Im Jahre 1943 wurde er zum Jäger-Regiment 738 versetzt, das zur 118.Jäger-Division gehörte. Diese Division war im damaligen Jugoslawien als Besatzungstruppe eingesetzt. Im Oktober 1943 wurde ihm das Verwundetenabzeichen in Schwarz und am 8. Dezember 1943 das Eiserne Kreuz Erster Klasse verliehen.
Als die Rote Armee 1944/1945 in Ungarn eindrang, wurde die 118.Jäger-Division in den Raum südlich des Plattensees verlegt. Dort nahm sie an der letzten deutschen Offensive in Ungarn, dem Unternehmen Frühlingserwachen, teil. Dieses Unternehmen scheiterte und die Rote Armee trieb die deutschen SS-Panzer-Divisionen, welche nördlich des Plattensees kämpften, weit nach Westen zurück, während die Divisionen südlich des Plattensees die Front noch tagelang notdürftig halten konnten, bevor auch sie den Rückzug nach Österreich antreten mussten.
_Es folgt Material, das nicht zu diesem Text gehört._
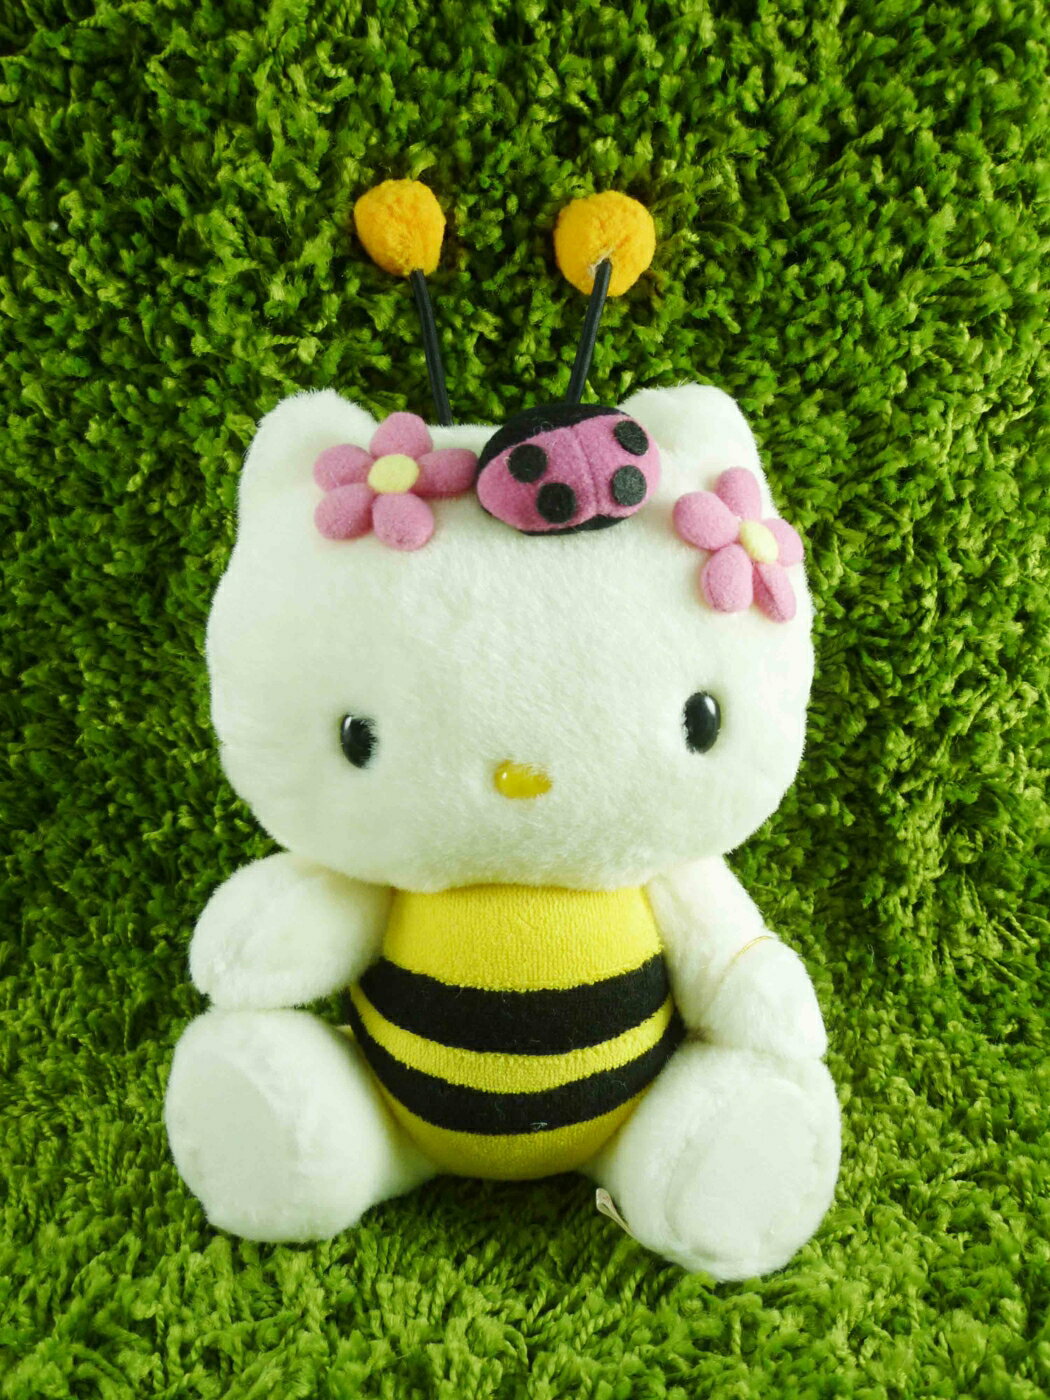 【震撼精品百貨】Hello Kitty 凱蒂貓 KITTY絨毛娃娃-蜜蜂圖案-黃色 震撼日式精品百貨

Bei diesen Kämpfen wurde Emmerich Hazivar schwer verwundet. Seine Kameraden nahmen ihn zwar bei dem fluchtartigen Rückzug noch mit, er starb aber an den Folgen der Verwundung und wurde daraufhin unterwegs von seinen Kameraden auf dem Gebiet des heutigen Slowenien an unbekannter Stelle begraben.
Berichte:
Emmerich Hazivar kehrte im März 1945 nach Ausheilung einer Verwundung wieder zu seiner Kompanie zurück, die nun südlich des Plattensees gegen die Rote Armee kämpfte. Am 27. März 1945 schrieb er seinen letzten Brief an seine Eltern:[4]
„Liebe Eltern!“
„Ich bin nun glücklich wieder bei meiner Kompanie. 2 Tage war ich bei der Annatante. Die Fahrt ging reibungslos vonstatten. Sie haben sich sehr gefreut, daß ich sie besucht hatte. In Rechnitz habe ich mit dem Lokomotivführer gesprochen, er ist dann im Ramon ganz langsam gefahren und ich konnte schön abspringen. Sie haben dann alles getan, um mir das Leben die zwei Tage so schön wie möglich zu machen. Dann hat mir der .. noch einen halben Schinken, 2 Seiten Speck, etliche Würste und die Annatante eine Strudel mitgegeben, ich habe es fast nicht mitbekommen und werde noch lange davon zehren können. DIe Verpflegung ist bei uns in der Zwischenzeit sehr schlecht geworden. Doch wir sorgen schon selbst für Verbesserung. Bei Gelegenheit wird der ... dem Papa einmal Tabak schicken. Er sagt, einen Blättertabak hätte er noch. Sonst lassen sie Euch schön grüßen, es geht allen gut. Mit der Bombardierung ist es auch nicht so arg, wenn auch manches hin ist, wie zum Beispiel die große Kirche. Der Schuh Hans ist inzwischen verwundet worden. Ich habe leider das Packerl schon vorher an ihn weggeschickt, bevor ich es erfahren habe. Ich habe mit dem Arzt gesprochen. Er sagt, die Verletzung ist nicht lebensgefährlich, aber es kann lange dauern. Es war Brustverletzung durch Splitter. Vielleicht kommt er ja auch nach Pinkafeld. Mir geht es vorläufig gut, gehe morgen wieder vor an die Front.“
„Es grüßt und küßt Euch alle herzlich Emmerich. Wenn Briefe an mich ankommen, alle hierher schicken. Haben nämlich alles nach Riedlingsdorf geschickt.“
Wenige Tage nachdem dieser Brief von Emmerich Hazivar geschrieben worden ist, wurde er an der Front sehr schwer verwundet. Nachdem für die deutschen Truppen die Front südlich des Plattensees unhaltbar geworden war, begann ein fluchtartiger Rückzug, auf der der verwundete Offizier noch mitgenommen wurde. Emmerich Hazivar starb aber an den Folgen der Verwundung auf dem Staatsgebiet des heutigen Sloweniens und wurde im Raum Luttenberg an unbekannter Stelle begraben.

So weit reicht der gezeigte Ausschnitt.